WORK TO BE COMPLETED
Images are not part of the copy; write out the rest of the data exactly as given.

DATASET EXTRACT
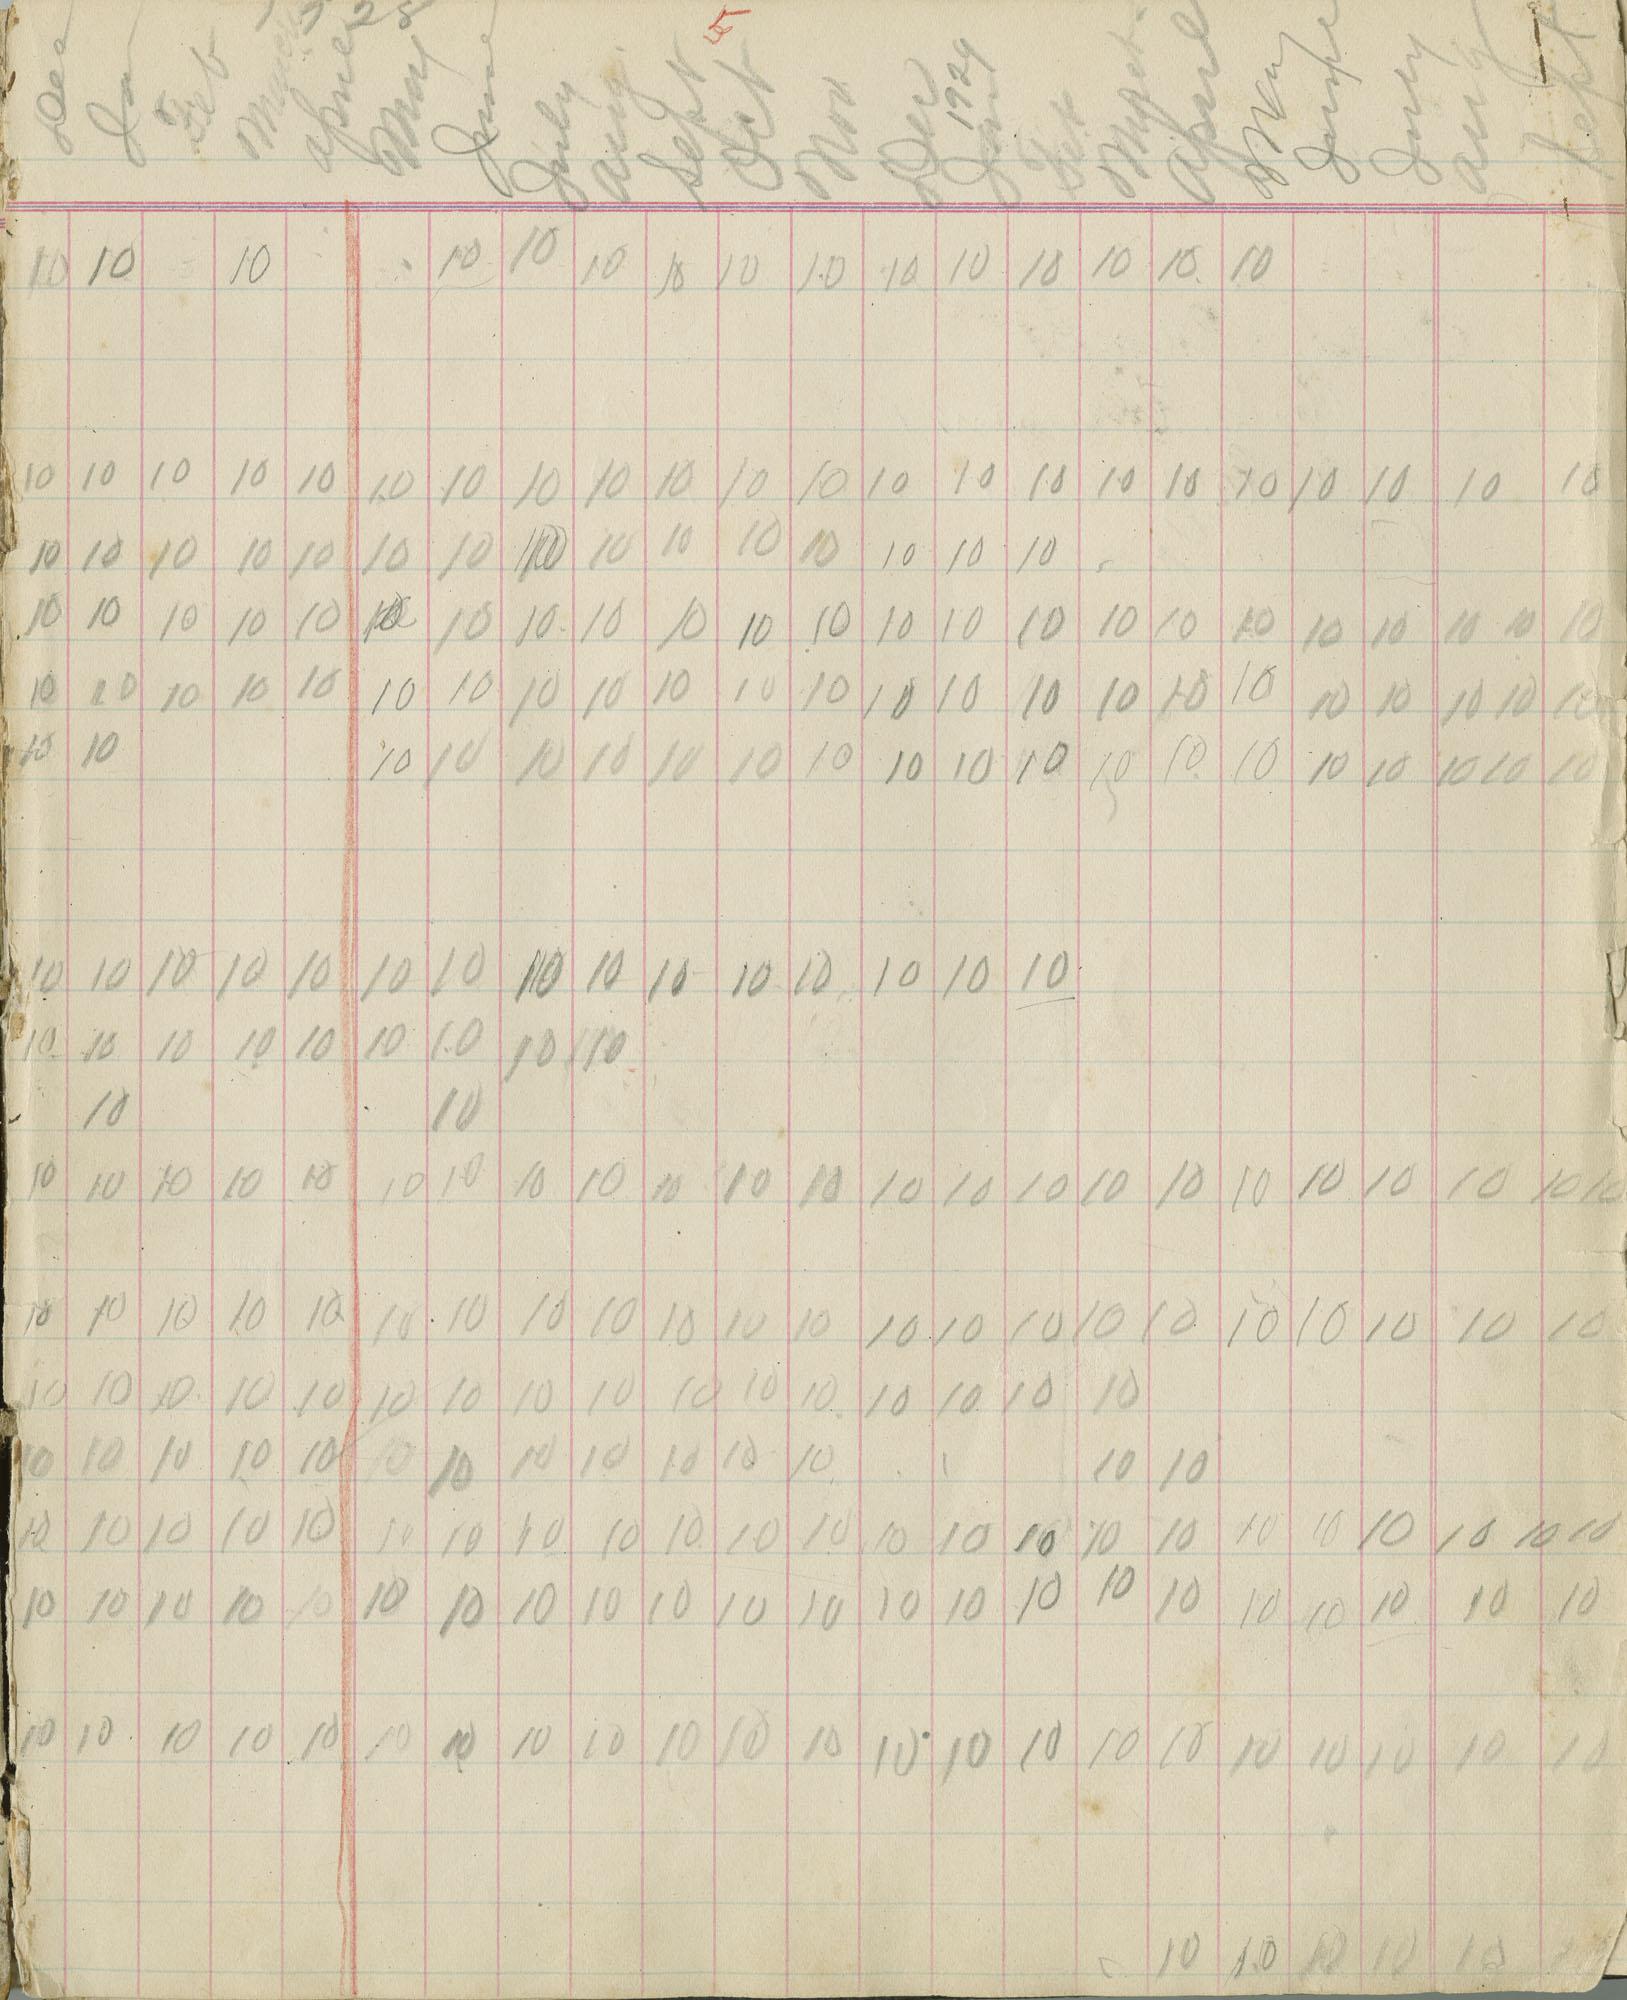 19. Page Seventeen, Arrear Book, December 1927-September 1929
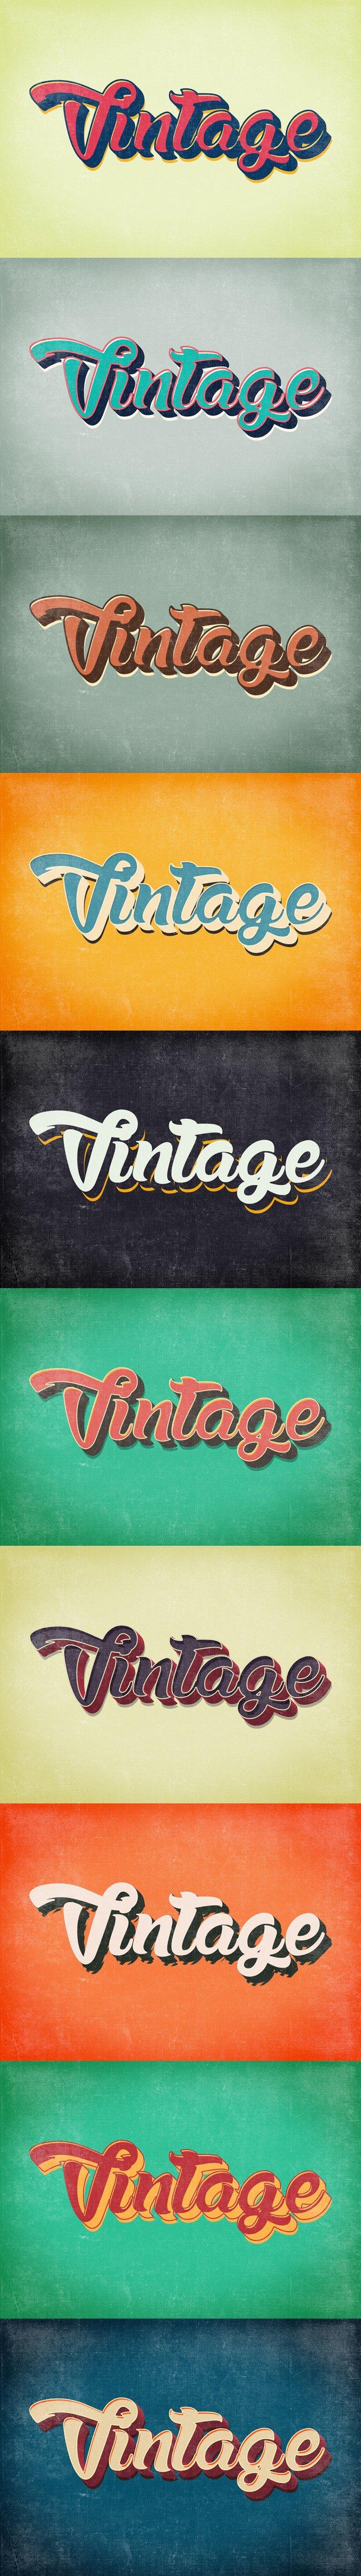 10 Vintage & Retro Text Styles (.Psd) скачать бесплатно
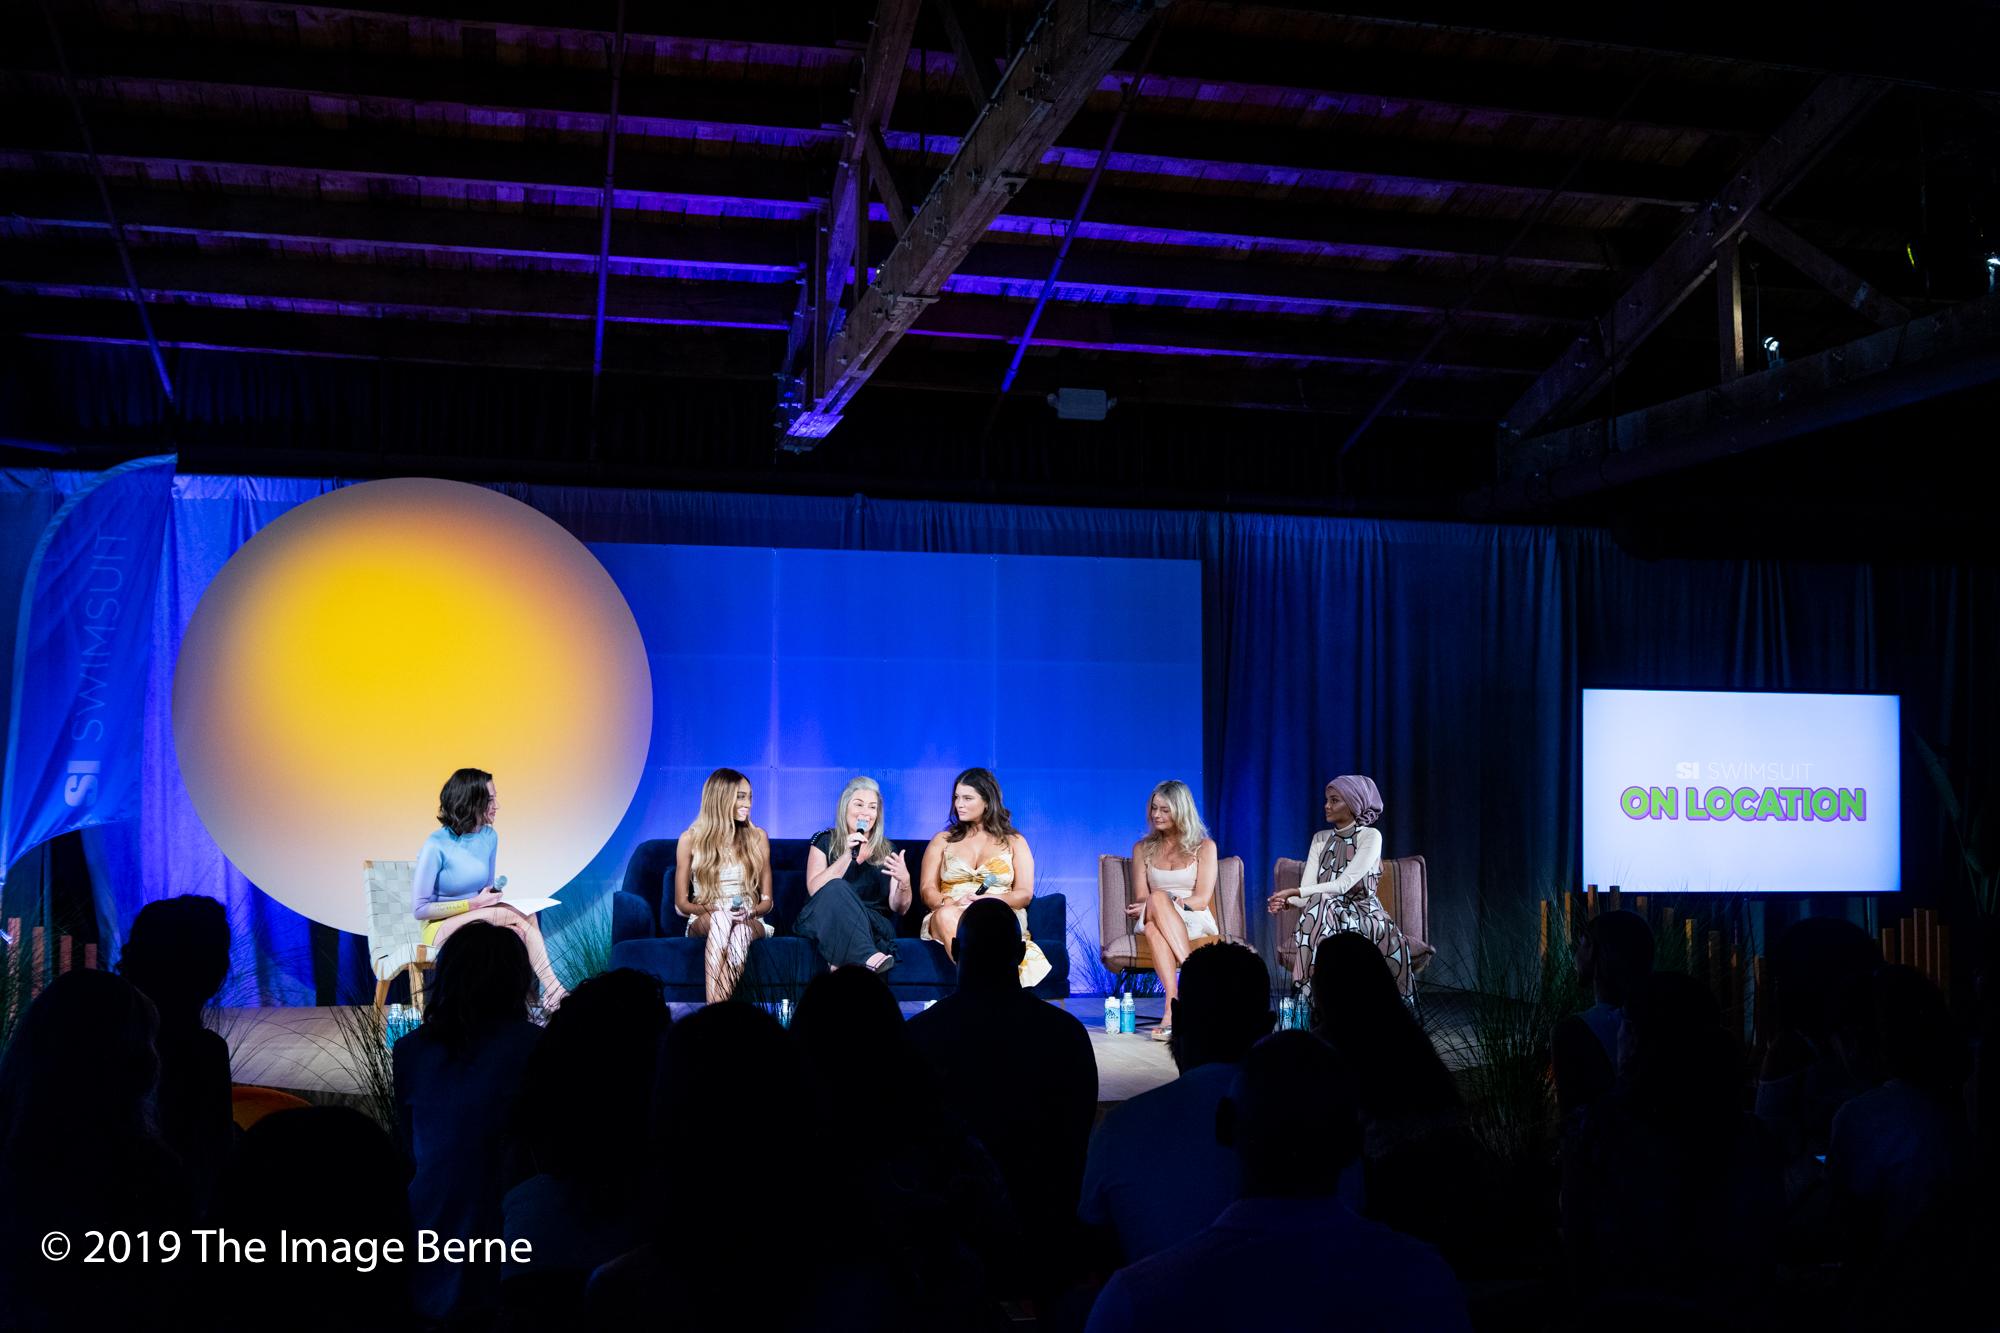 Cynthia Rowley, Winnie Harlow, MJ Day, MJ Day, Tara Lynn, Paulina Porizkova and Halima Aden-070.JPG

SOLUTION FOR THIS TASK
 19. Page Seventeen, Arrear Book, December 1927-September 1929
 10 Vintage & Retro Text Styles (.Psd) скачать бесплатно
 Cynthia Rowley, Winnie Harlow, MJ Day, MJ Day, Tara Lynn, Paulina Porizkova and Halima Aden-070.JPG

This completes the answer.